Prompt >>
Return a word-for-word copy of the complete listing below.

Available data >>

....

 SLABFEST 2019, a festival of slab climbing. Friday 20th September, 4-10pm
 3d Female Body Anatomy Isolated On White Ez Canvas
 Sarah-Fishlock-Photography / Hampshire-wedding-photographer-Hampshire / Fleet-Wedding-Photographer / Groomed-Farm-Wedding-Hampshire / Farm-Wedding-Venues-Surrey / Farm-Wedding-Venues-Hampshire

....

Solution to this problem >>
 SLABFEST 2019, a festival of slab climbing. Friday 20th September, 4-10pm
 3d Female Body Anatomy Isolated On White Ez Canvas
 Sarah-Fishlock-Photography / Hampshire-wedding-photographer-Hampshire / Fleet-Wedding-Photographer / Groomed-Farm-Wedding-Hampshire / Farm-Wedding-Venues-Surrey / Farm-Wedding-Venues-Hampshire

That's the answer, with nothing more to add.